The skim function is a good addition to the summary function. It displays most of the numerical attributes from summary, but it also displays missing values, more quantile information, and an inline histogram for each variable!

3. Install devtools package.

install.packages("devtools")

library(devtools)

Commands used to Build the Data Report from the given Data Report:

Tools: R Studio

Following Commands used to build the project from the Data Analysis perspective:

1.

VIS_Dat:

The Vis_dat() function of the visdat package is a great way to visualize the data type and missing data within a data frame.

2.

> library(skimr)

> skim(G4ResumeNames1)

The skim function is a good addition to the summary function. Which displays most of the numerical attributes from summary, but it also displays missing values, more quantile information, and an inline histogram for each variable!

3. Head:

To begin, we are going to run the head function, which allows us to see the first 6 rows by default. We are going to override the default and ask to preview the first 20 rows.
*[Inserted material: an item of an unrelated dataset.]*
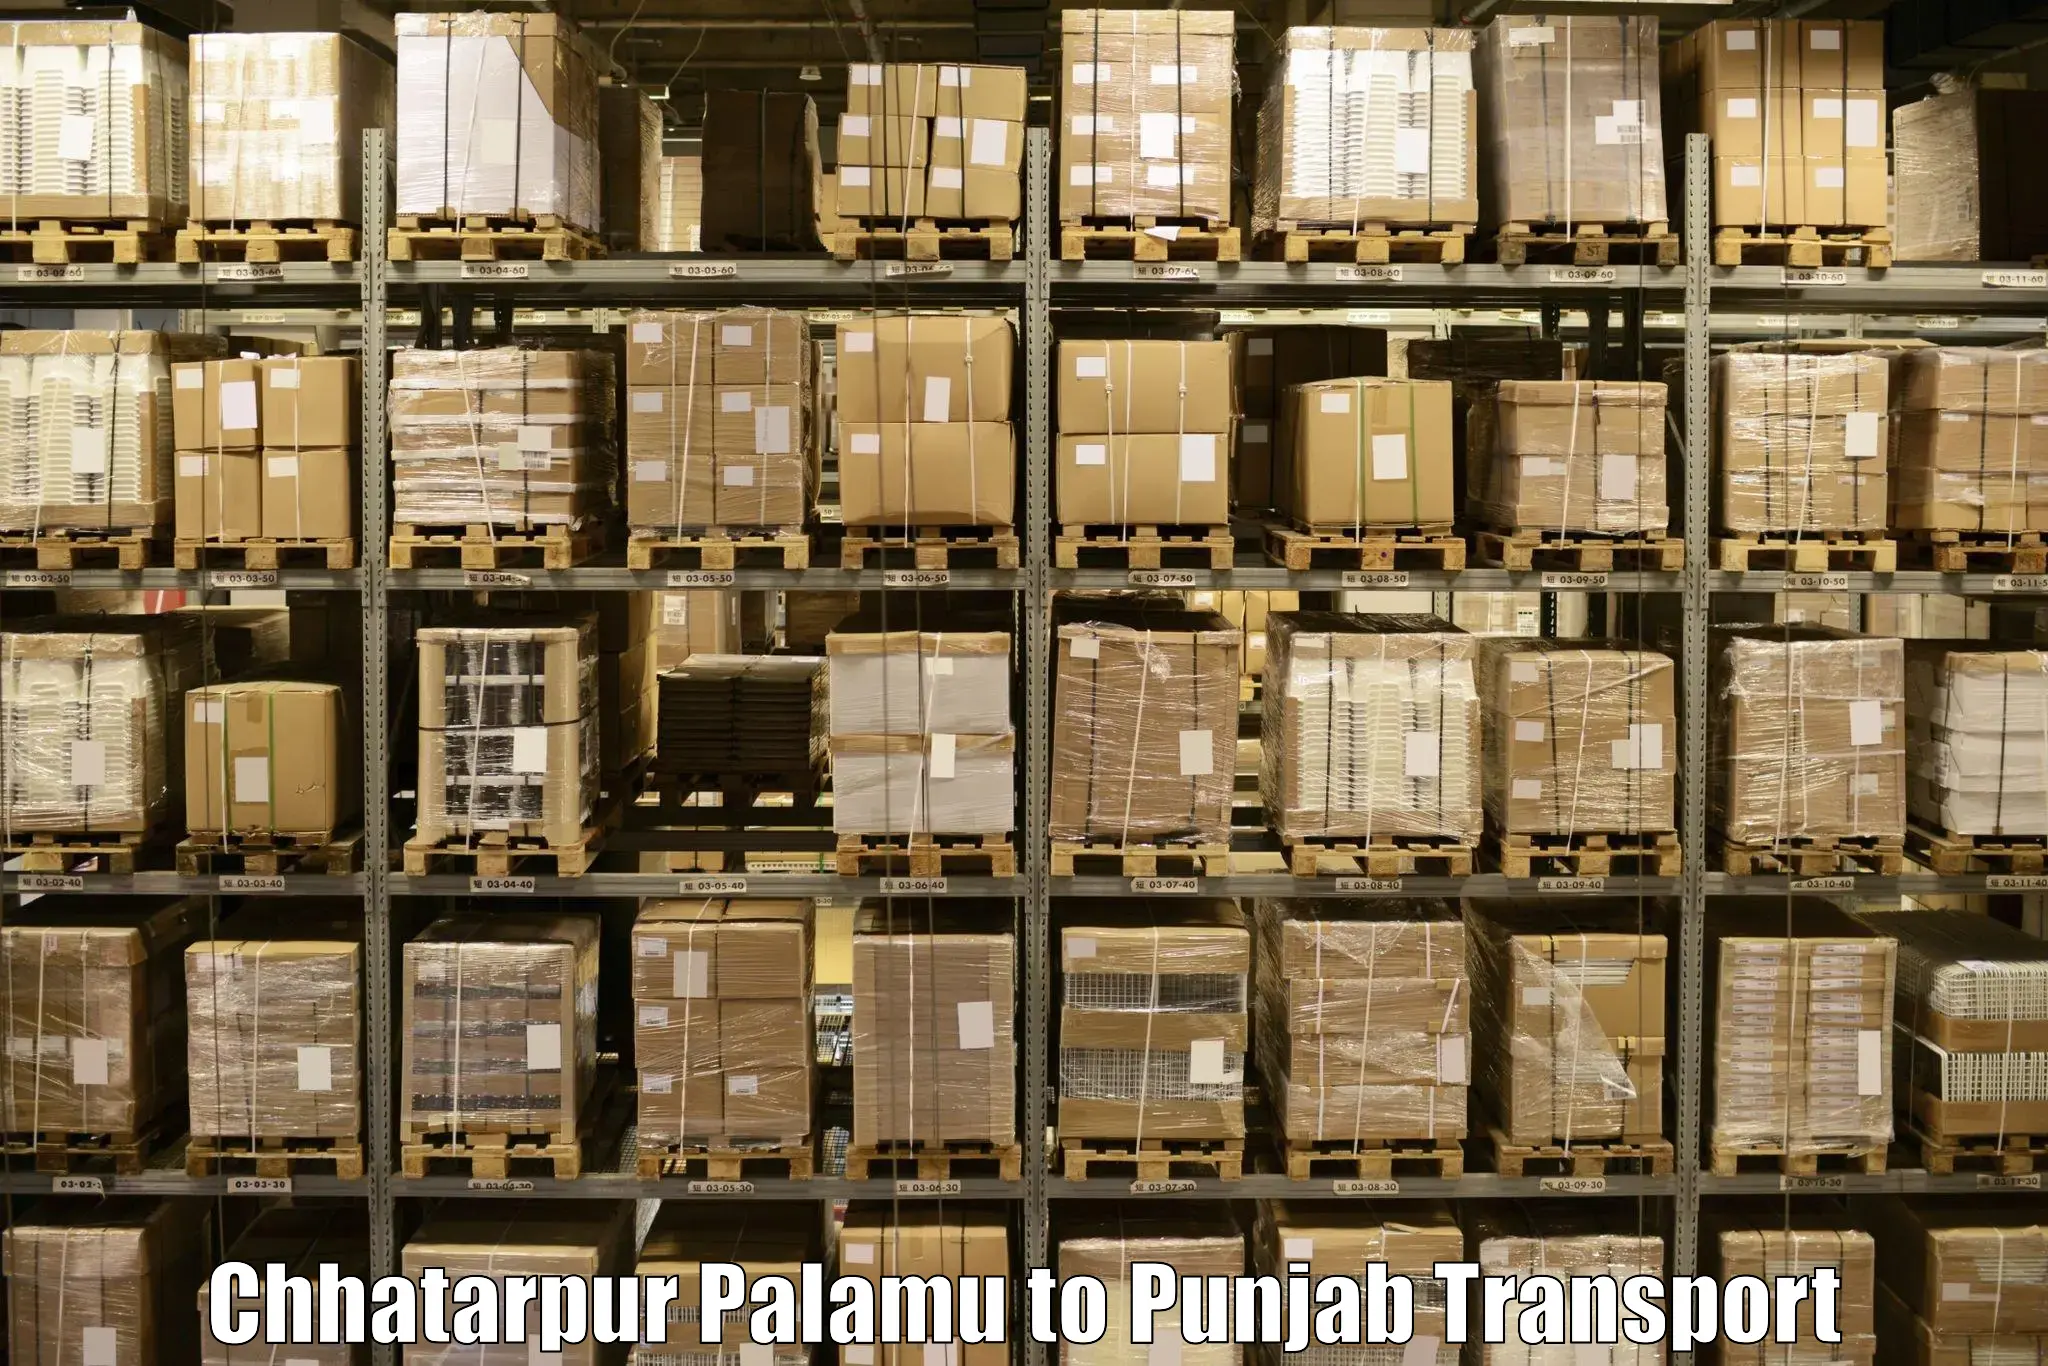 Online transport booking in Chhatarpur Palamu to Jalandhar

> head(G4ResumeNames1, 20)

5. G4ResumeNames1 - Loads all the values and display about the table.

G4ResumeNames1$ethnicity - Displaying a particular column as a group.

G4ResumeNames1[1,2] - to precisely pick the respective value from the table.

dim(G4ResumeNames1) - Display the dimension of the table.

6. Creating Data explorer: (output will be generated in separate HTML File)

library(DataExplorer)

DataExplorer::create_report(G4ResumeNames1)

Missing Data Profile:

From the R Studio, using the given raw data, as I have analyzed they were no “Null” data nor a missing profile. The entire raw data set does not have any missing data as attached in figure 2.

Graphical user interface  Description automatically generated with low confidenceFigure 2: Missing Data Profile

Determining Minimum & Maximum Range value:

From the given record, every column as a specific value of minimum and maximum ranges of value. As we have taken 4 values from the given data set “Ethinicity, City, Experience and Industry”.

With the help of R studio, we were able to determine the Minimum, Maximum range of the project.

Below is the attachment of figure 3.

Graphical user interface, application  Description automatically generated

Figure 3: Minimum, Maximum range of value from the given raw data

Data Summary:

We at that point run the rundown capacity to show every segment, its information type, and a couple of different ascribes that are particularly valuable for numeric credits. We can see that for all the numeric credits, it additionally shows min, first quartile, middle, mean, third quartile, and max esteems.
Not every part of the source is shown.